Dante pre-echoes my point, that it is essential (delightful) to put inner experience into the world, to be exposed to diagnosis, to make oneself understood. In fact, he writes, it is the only reason for acting.
The closing sentence of Dante’s text, resistant to a singular translation, as Arendt acknowledges in a footnote, is one piece of a larger story that explains our need for a “space of appearance,” that is, an active forum of subjective co-creation, where our ‘latent selves’ come out—not a place where objects are made, but a space for making (and maintaining) ourselves and our relations:
“Without a space of appearance and without trusting in action and speech as a mode of being together, neither the reality of one's self, of one's own identity, nor the reality of the surrounding world can be established beyond doubt. The human sense of reality demands that [humans] actualize the sheer passive givenness of their being, not in order to change it but in order to make articulate and call into full existence what otherwise they would have to suffer passively anyhow.”

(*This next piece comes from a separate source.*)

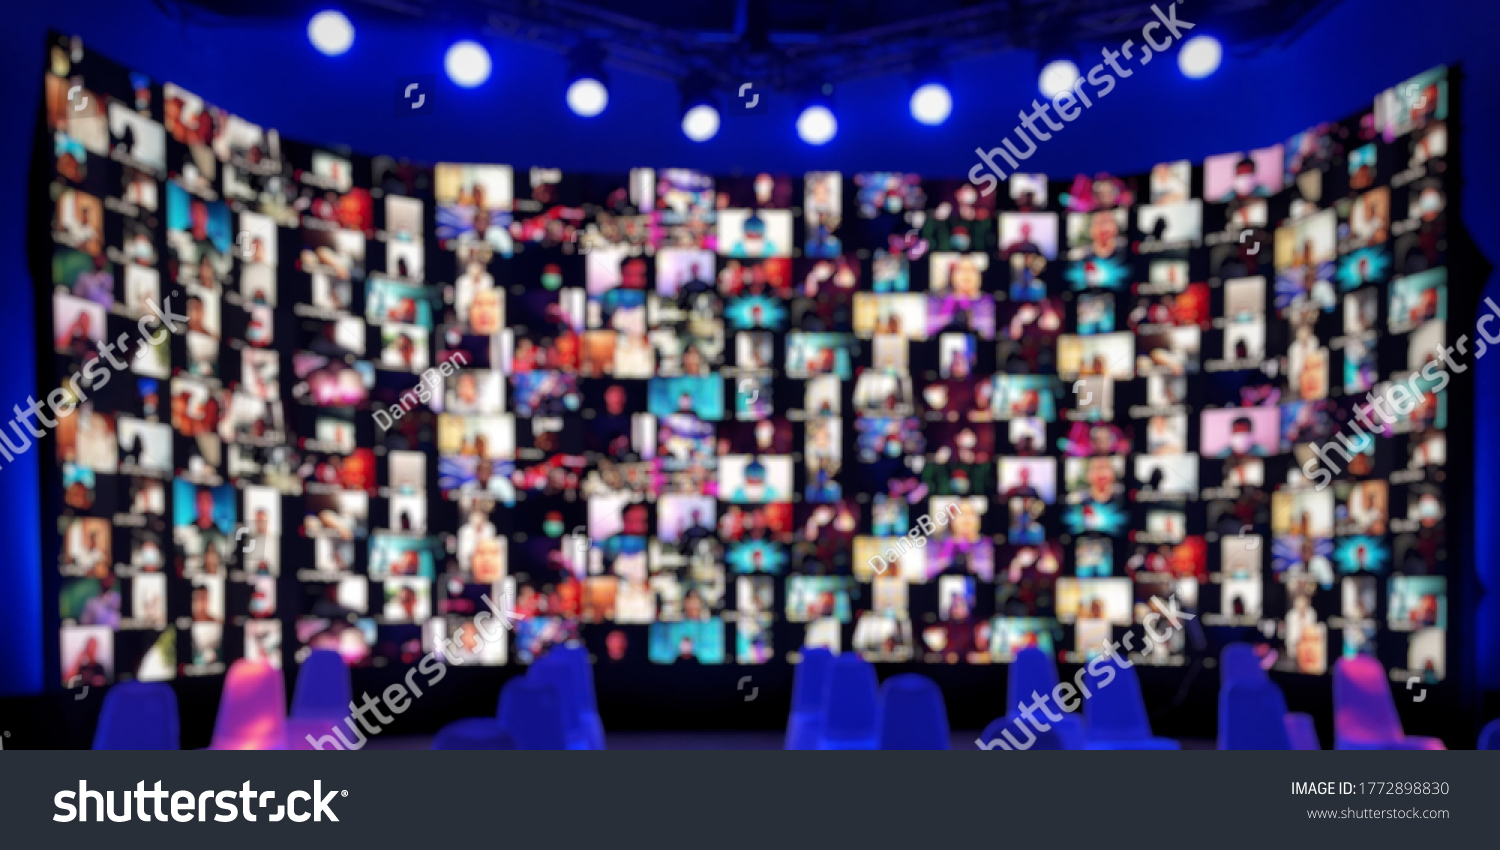 Blur large LED screen show many people's faces join big online event or virtual reality live conference. Big video call seminar, Work from home, Social distancing, New normal event production. #1772898830

I read Dante’s early-14th century text about sovereign identity, and Arendt’s mid-20th century continuation of the thought, in terms of very contemporary crises of representation: how do we now establish identity and reality beyond doubt? How do we make latent selves easily understandable?
The focal point of this dissertation sits at the intersection of patient-reported outcome measures (PROMs) and artificial intelligence (AI). I have selected this intersection because it seems to indicate an inflection point in how testimony (speaking or authenticating oneself), and analysis (extracting features and patterns to produce representations) will either reinforce or cancel each other.
While the consequences of this are far-reaching, I will concentrate here on applications to patient-centered healthcare. I will take many walks outside to clear my head and enjoy the surroundings, following a peripatetic method characterized by Rosi Braidotti as the figuration of a nomadic subject, “a politically informed account of [...] alternative subjectivity. [...] A style of thinking, occasionally autobiographical, which may at times strike the readers as [...] stream-of-consciousness.”
Rough answers to the preceding questions (the crises of representation) may be found in patient-reported outcome measures as validated instruments, tools by which inner experience becomes empirical evidence, with minimal mediation. For AI, the questions may be considered together with the mechanics of latent space, compressed representations that provide insight into how data are related, their patterns and features, implicit or explicit.
The explanation of life seems to be its melody
Before the Dante quote and just after the chapter heading (“Action”) Arendt put a brief epigraph from the Danish author Isak Dinesen:
All sorrows can be borne if you put them into a story or tell a story about them.
In part because I want to know what “all sorrows” means exactly I trace the source of this quotation to a 1957 New York TImes interview where I find Dinesen continues:
To me, the explanation of life seems to be its melody, its pattern. And I feel in life such an infinite, truly inconceivable fantasy.
Melody is not a metaphor, it is a guide. “All melody is a series of attitudes,” Suzanne Langer wrote, fifteen years before Dinesen’s interview took place.
Thoughts and emotions are not represented by melody, but are carried along, in what Langer names “a connotative relationship between music and subjective experience, a certain similarity of logical form.” One is not the model of the other, there is no possibility of direct translation. And yet the sensation is there, to be analyzed.